You're referring to MoCA?

We do have some older cable running through the house, but the wall jacks are not in the right places. 
Like I said, we _could_ install wireless Ethernet bridges with WDS capability, and the cost for these adapters is actually less than it would be for the MoCA adapters.


----------



## krkaufman (Nov 25, 2003)

Lynn_m said:


> You're referring to MoCA?
> 
> We do have some older cable running through the house, but the wall jacks are not in the right places.


Yes, and got it. Just wanted to be sure.



> Like I said, we _could_ install wireless Ethernet bridges with WDS capability, and the cost for these adapters is actually less than it would be for the MoCA adapters.


And I think you'll find that a DIY wireless bridge could be had for cheaper than TiVo plans on initially offering its Mini Wireless Adapter ... $60.

Bottom line: I don't believe you'll see a TiVo Mini w/ built-in wireless any time soon.

p.s.
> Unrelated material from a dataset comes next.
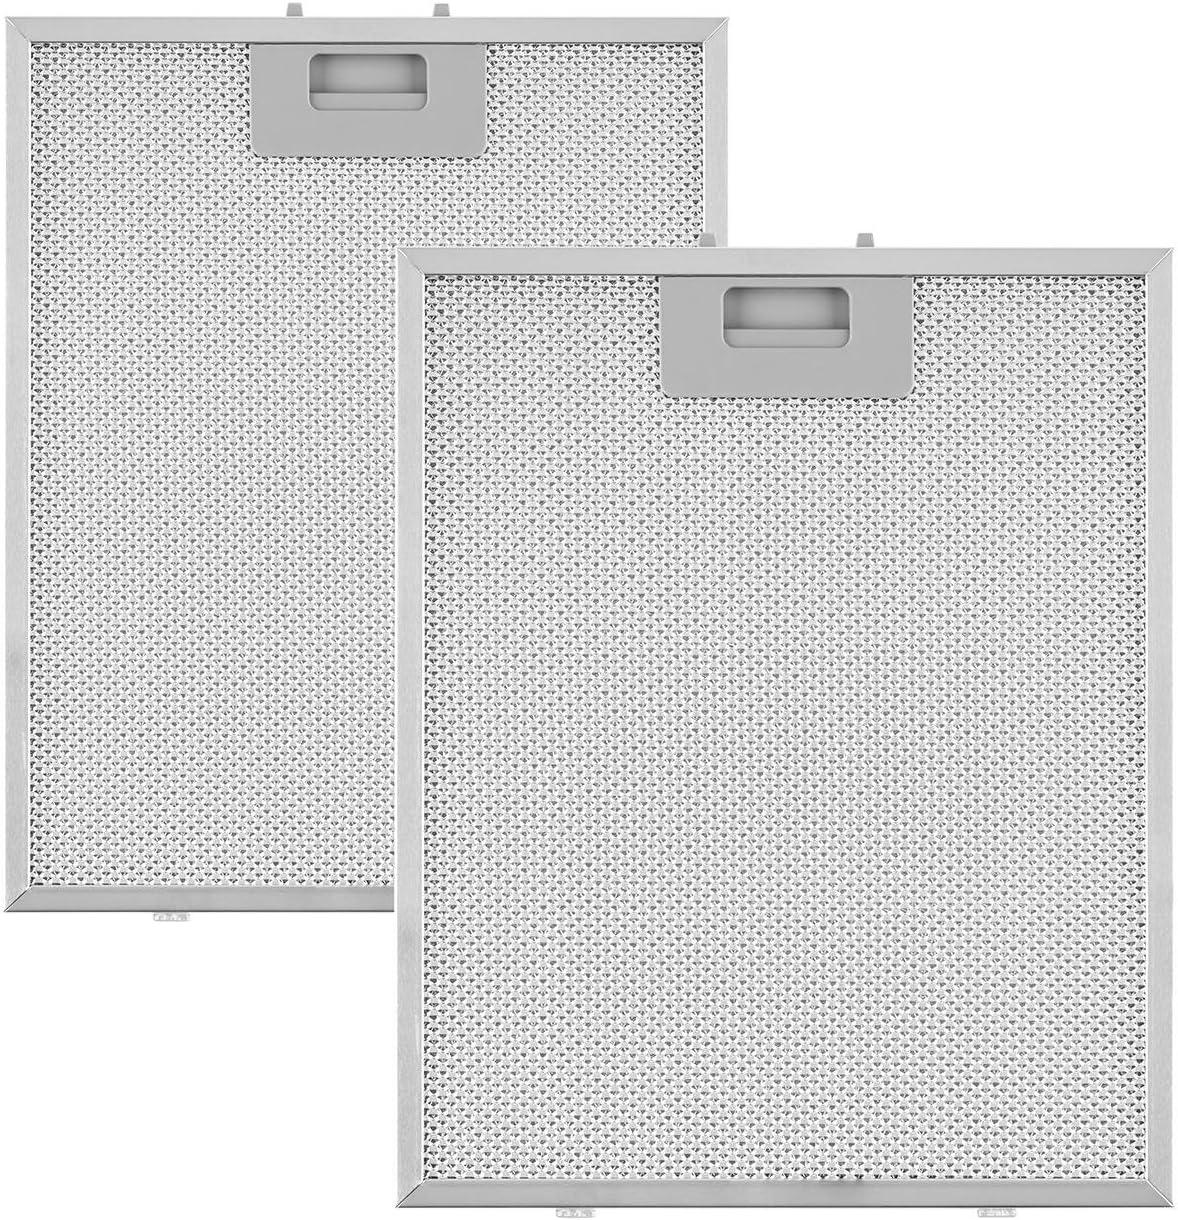 Klarstein Sabia filtro anti grasa aluminio reemplazo accesorio campana extractora 23,8 x 31,8 cm

Minis don't require MoCA adapters; and whether you'd need even one MoCA adapter would depend on your DVR's model and connectivity, and whether your Internet gateway has built-in MoCA bridging.

Something to keep in mind, even if it's not a solution for all your Minis... any Minis that can be wired will free-up that bandwidth for your devices that have no other option than wireless.


----------



## wguyette (Aug 23, 2009)

I would highly recommend MOCA with an Actiontec bonded MOCA 2 injector and if you need better wireless in your house an Actiontec bonded MOCA 2 802.11ac router: 4 Antenna 2 and 5 GHz radios and 2 Ethernet connections. 

I have 2 of these with TIVO minis running off one of the Ethernet connections and another 2 minis running off the MOCA. 

WORKS PERFECTLY.


----------



## wguyette (Aug 23, 2009)

Let me add to my first MOCA POST. You should, of course, have an appropriate filter at cable entrance to house to prevent your data from leaking out to th cable systems. BUT MORE IMPORTANTLY:

IF YOUR router does not have MOCA and you are injecting your Ethernet into the cable, as I recommended in the prior post, you may also need to place a MOCA filter between the cable and the cable modem. When I upgraded my Spectrum service from 300 MHz to 1 GHz, the faster cable modem wouldn’t work properly without this filter. Took a little bit to figure out the problem.


----------



## fcfc2 (Feb 19, 2015)

Lynn_m said:


> Why not add built-in wireless capability to the TIVO Mini Vox?
> 
> My house is not wired up with Ethernet cables and frankly it would be a huge expense and a lot of effort to do this.
> 
> It is possible to do a wireless connection to a mini using a wireless Ethernet bridge with WDS capability, but why not just add this into the box instead of requiring the additional external hardware?


Historically, although Tivo has enabled wireless on may of there DVR's, it has never been encouraged for any of their other devices although they did sell a "g" and then "n" speed adapter, they will tell you very clearly that they do not support any other than Ethernet or MoCA connections for networked Tivos and even Tivos on Ethernet must be connect directly to the router. A Tivo DVR connected via wireless will generally be able to function for itself, but will not support other wireless connections to minis, especially multiple minis attached to wireless device/adapters. This is usually because a mini on live TV uses a relatively large amount of bandwidth, often 5 times as much as various "streaming" services use to get you a decent picture. Further, the minis are move sensitive to any momentary glitches that often occur with wireless and they don't seem to "buffer" live video streams well if at all.
Although most consumers like the ease of wireless devices, they generally have very little understanding of all of the wireless variables and simply expect their equipment to work usually via "plug and play". Actually, wireless is anything but simple but most folks haven't a clue and don't want to spend the time necessary to even begin to have a workman's knowledge of it.
This would result in overwhelming Tivo support, which most here have an extremely low opinion of, and a massive increase in returns and unsatisfied customers.


----------



## krkaufman (Nov 25, 2003)

wguyette said:


> Let me add to my first MOCA POST.


Wishing you many more.


----------